Speaking of ideal situations, I’ve learned that the best thing you can try to do is change the whole tone of snack time in the first place. Leading by example is usually the most influential method, so roll up your sleeves and get in there! When you’re talking with the Team Mom, go ahead and volunteer to bring snacks for the very first game (or two).  Instead of bringing chocolate donuts from the grocery store bakery, you’re going to bring three bunches of bananas (or do the old-fashioned orange wedges) and 100% juice boxes. Again, water is ideal, but six-year-olds may balk at that, which kind of defeats the whole purpose.
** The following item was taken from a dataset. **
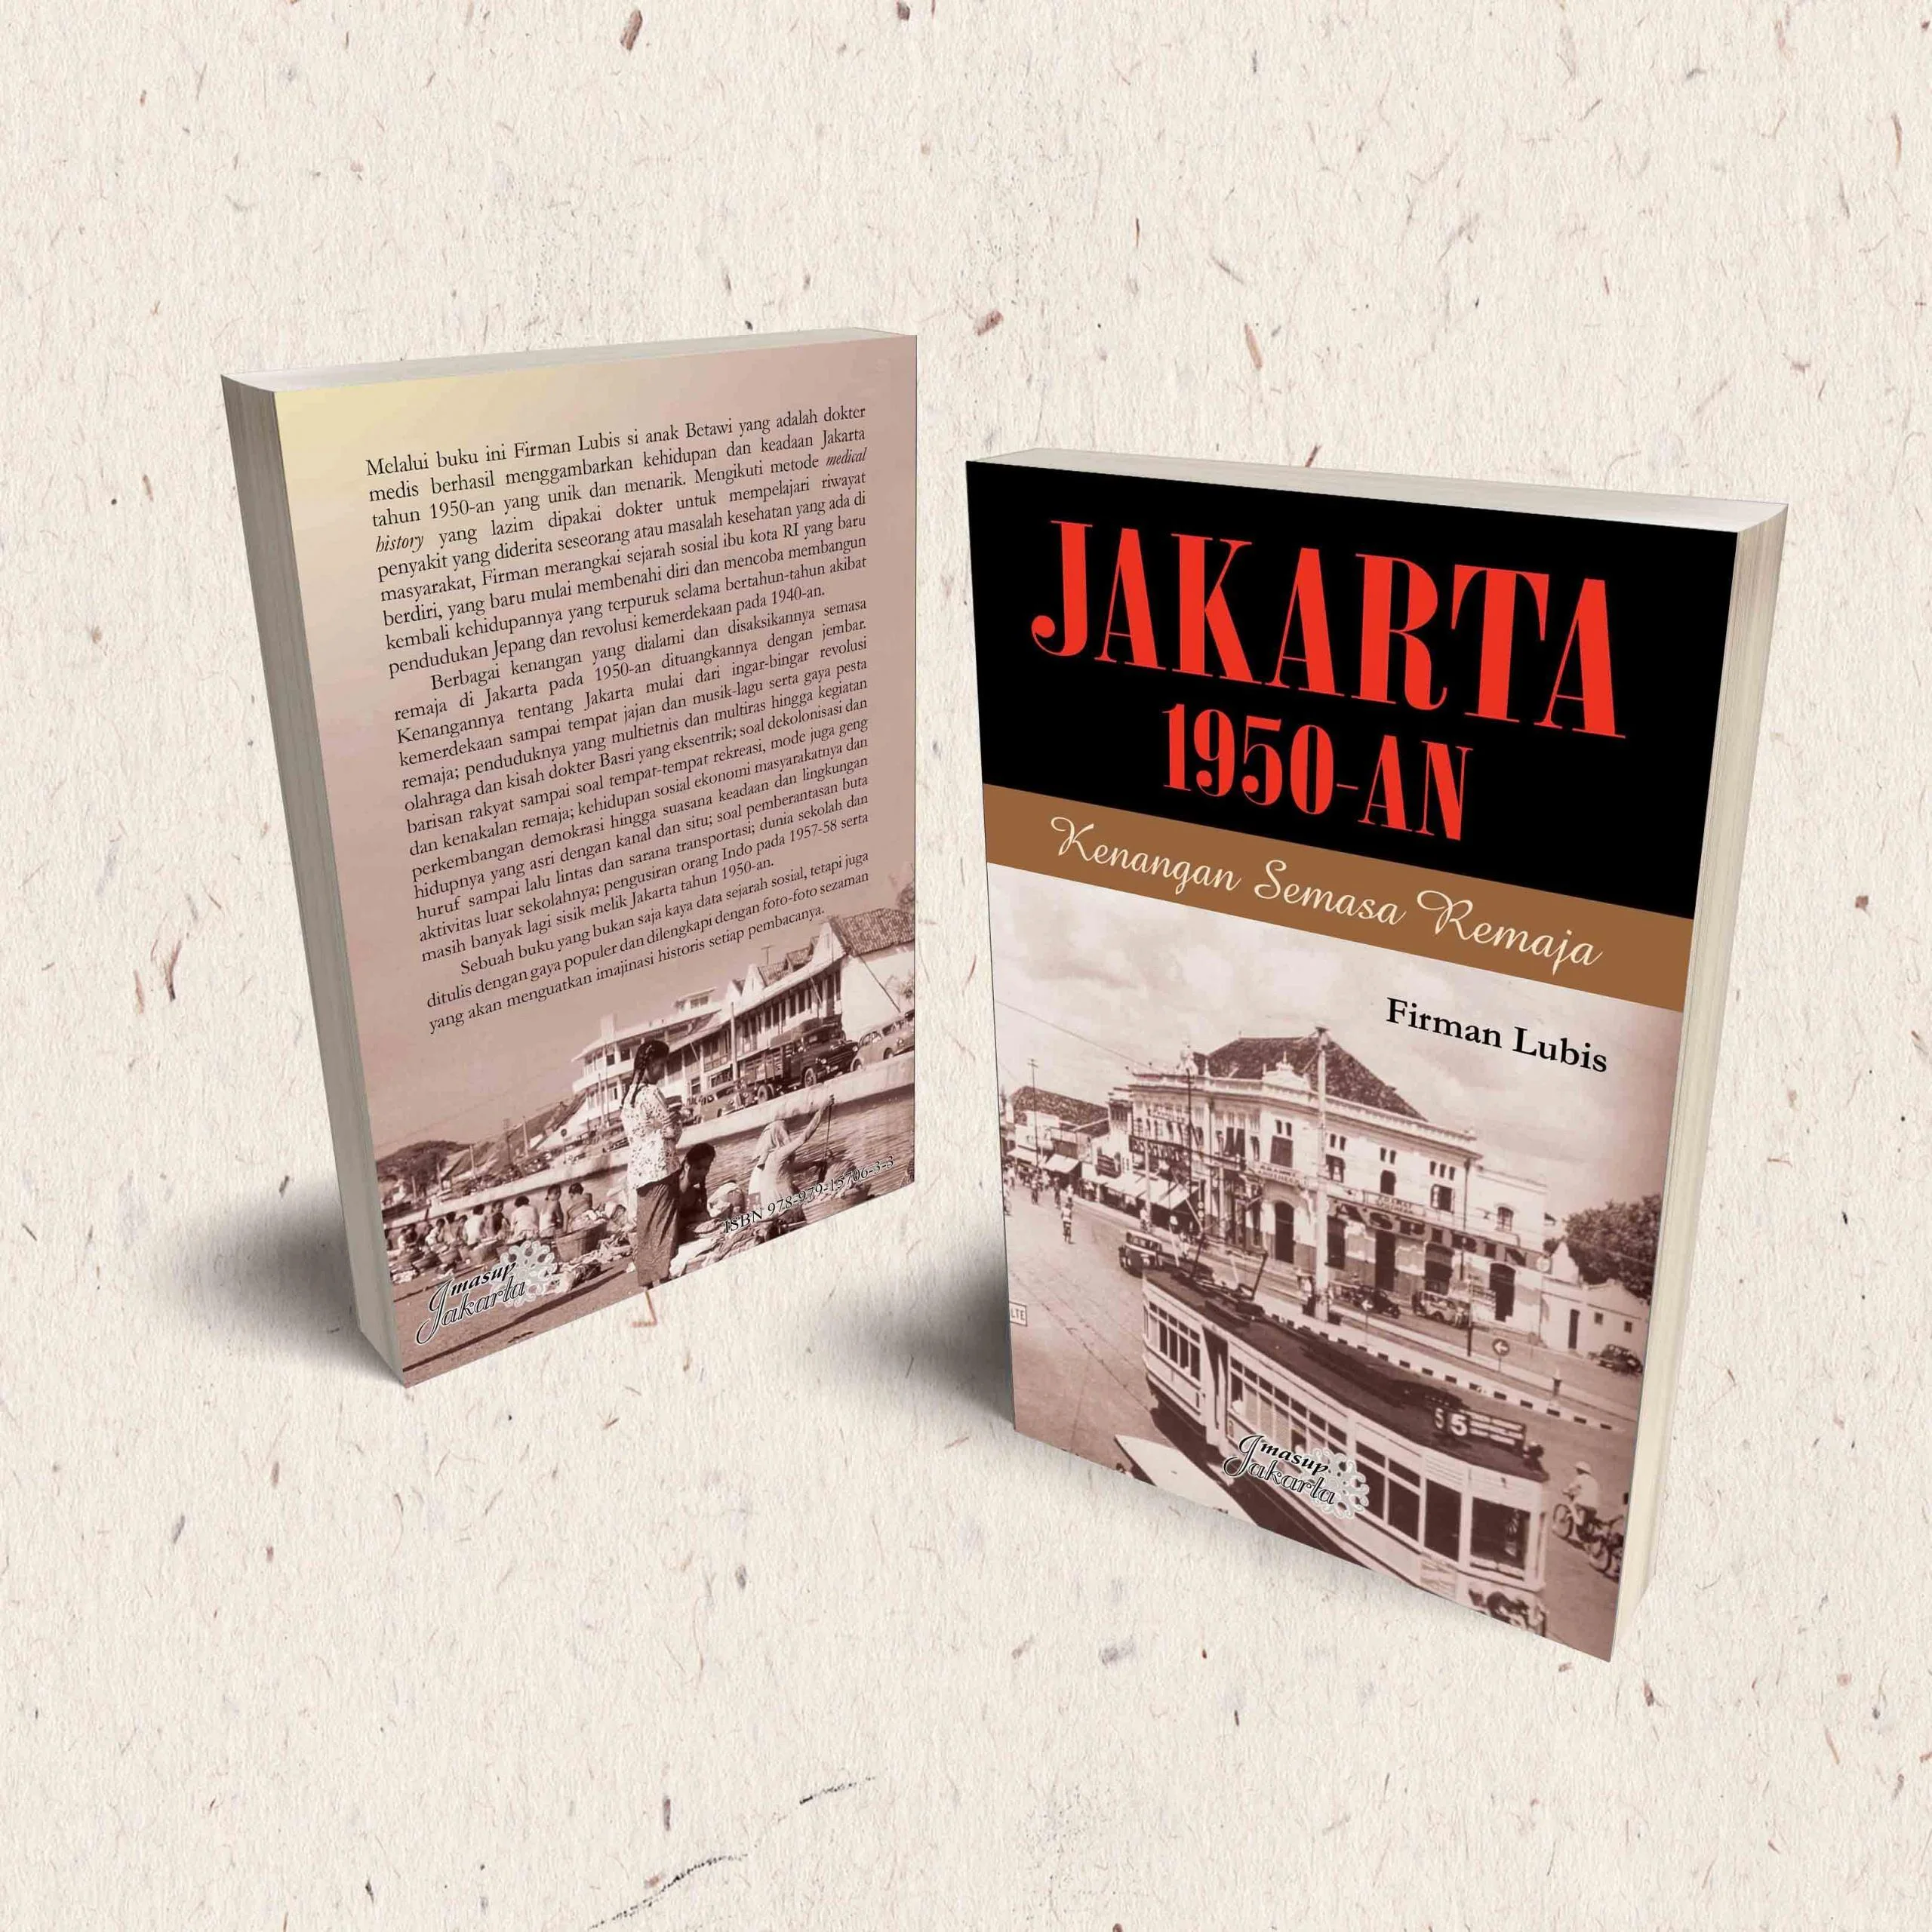 Jakarta 1950-An: Kenangan Semasa Remaja

Most parents will appreciate the fact that you brought a healthy snack. Now you have set the bar, so to speak. The key is to be sure you don’t bring one healthy snack (fruit) and one unhealthy snack (gluten-free gummy bears).  The kids will take the unhealthy snack and you will take nine bananas home. They can either be healthy or hungry!

After that you just have to use your bleacher time to subtly insert your child’s celiac disease/gluten intolerance/food allergy into as many positive conversations as you can, where appropriate. You have to pick your moments, but a lot of times other moms will bring it up for you. And frankly, if they give you an inch then go ahead and take a mile, but don’t go overboard.  Just try to talk about making whole foods, how many alternatives are now available, and how it’s really not that hard with a little preparation. Remember, you are planting seeds at this point that will hopefully sprout into healthy (or at least gluten-free) baseball snacks.

In the end, it’s about the game and not the snack. It’s really no different than navigating a birthday party. You just have to do it in the heat and dust and wind four days a week – hey, I live in the desert, people – after you’ve soaked the white uniform pants in bleach for six hours and helped your husband find his coach’s jersey (try the dirty clothes hamper, honey … that’s where you left it).

Have a great spring!  See you at the field.